One of the few sites in the United States that offer robotic hysterectomies is Rush University, in Chicago, where surgeons have acquired what is known as the daVinci Surgical System. This system is composed of an operating table, a variety of complicated instruments, and an ergonomic console in which the surgeon sits a few feet away from the operating table. After four to six tiny incisions are made in the patient’s abdomen, this physician can view the internal surgical site through a high-definition, three-dimensional camera inserted through one of the incisions.
The doctor inserts instruments through the other incisions using robotic “arms” that he operates using hand controls and foot pedals. According to Joseph M. Maurice, a board-certified gynecologic surgeon at Rush, robotic surgery is far more precise than the conventional kind, because the instruments on the ends of the robot’s arms can rotate a full 360 degrees, and the surgeon’s hand and foot movements are scaled down, so that a hand movement of, say, an inch will cause an instrument to move only a third of an inch.

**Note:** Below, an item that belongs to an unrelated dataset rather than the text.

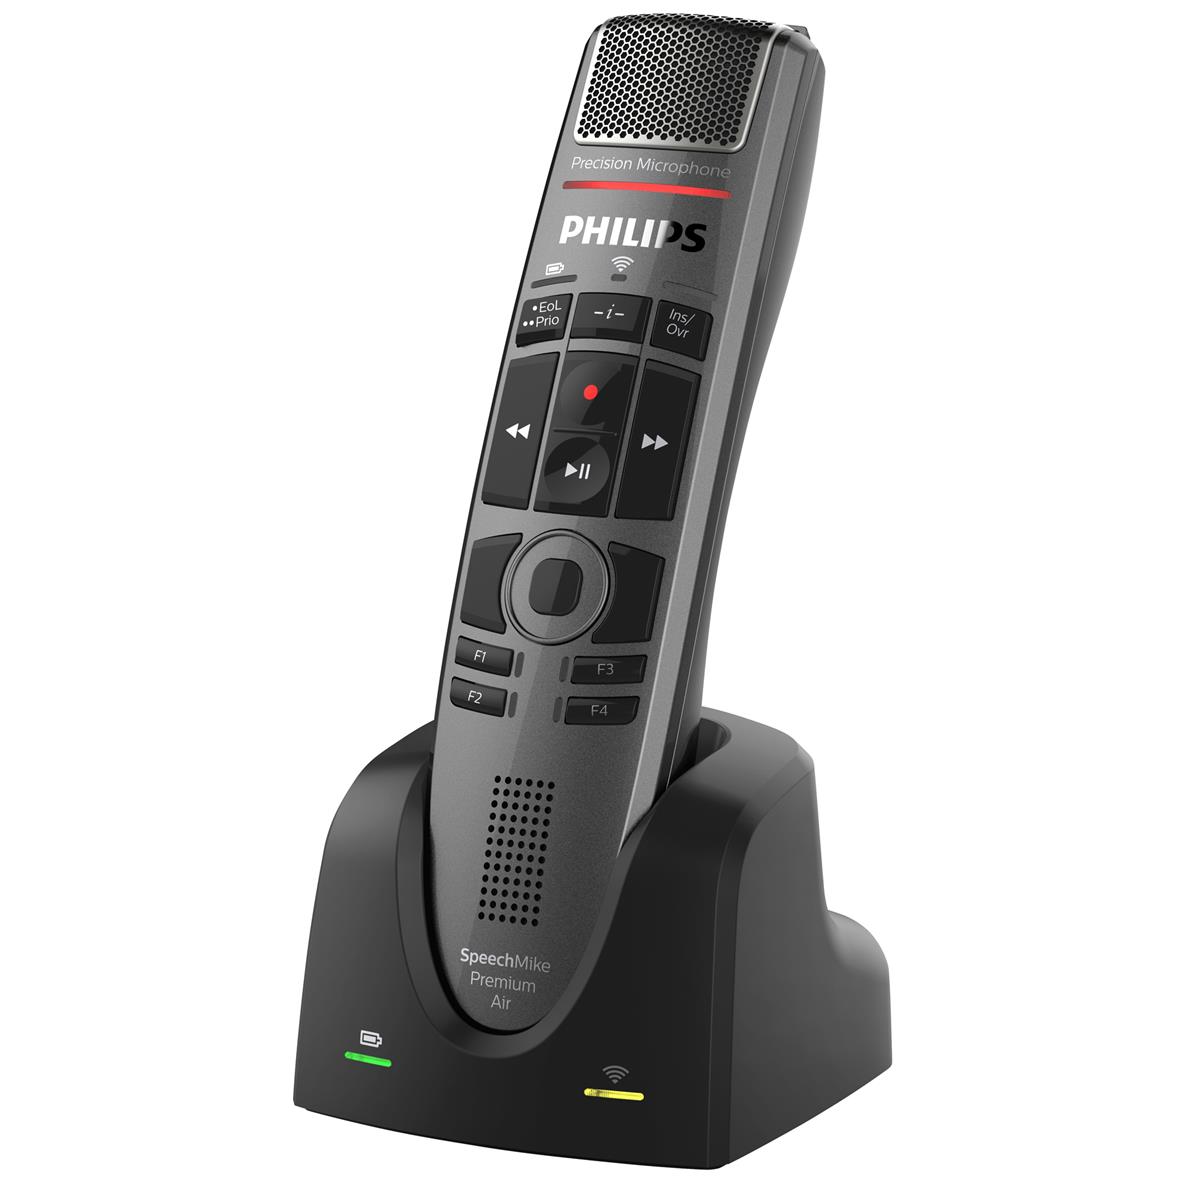 

Philips SpeechMike Premium Air Wireless Dictation USB Microphone, Push-Button
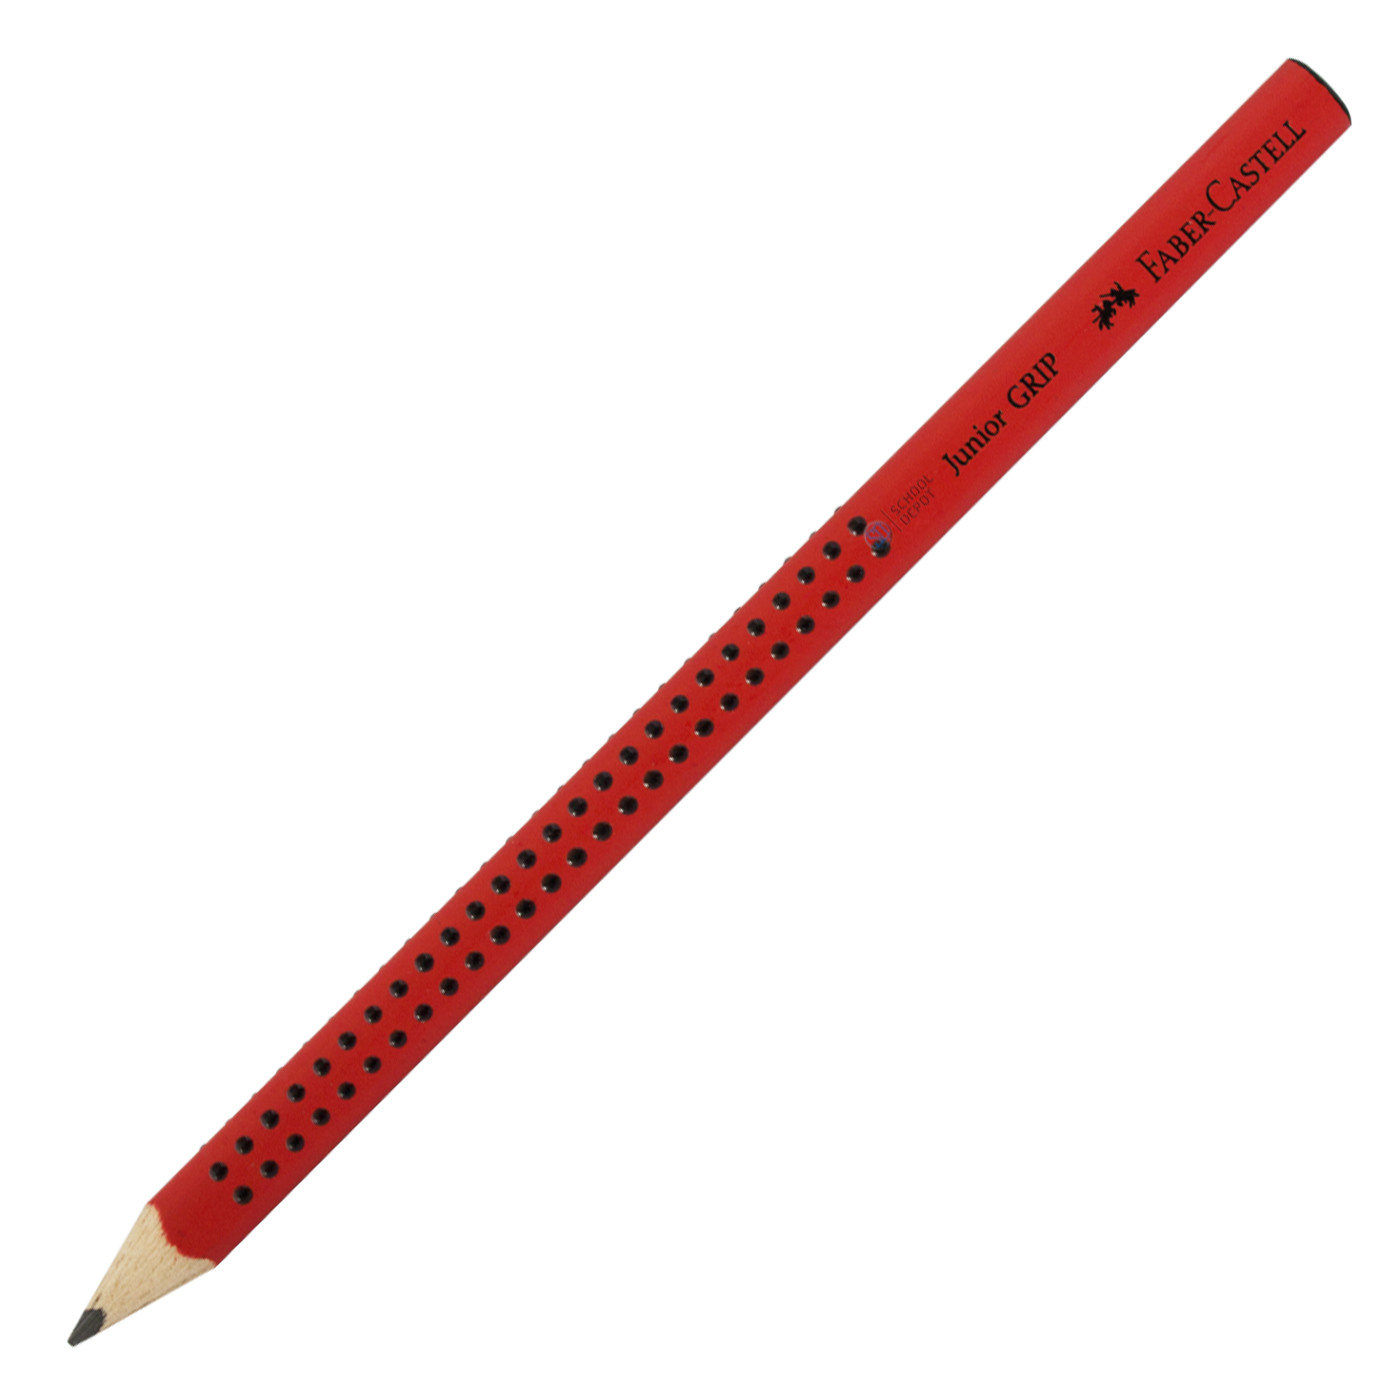 Faber-Castell Junior Grip Triangular Pencil HB

“I have 3-D vision that you can’t duplicate with conventional surgery,” said Maurice. “I’m right up next to what I’m operating on. It brings surgery to a whole different level. This is not your mother’s hysterectomy.”
Take Frances Gulotta, who recently turned 60. She received a daVinci hysterectomy at Rush after being diagnosed with both breast and endometrial cancer (cancer of the lining of the uterus). Doctors removed her breast tumor, and then wanted her to begin radiation treatments. But when they discovered her uterine cancer, they were forced to deal with that first.
“With a conventional hysterectomy, Frances’ radiation for her breast cancer would [have been] delayed up to six weeks,” said Maurice. “The daVinci robotic hysterectomy allowed her breast cancer therapy to begin four to six weeks earlier.”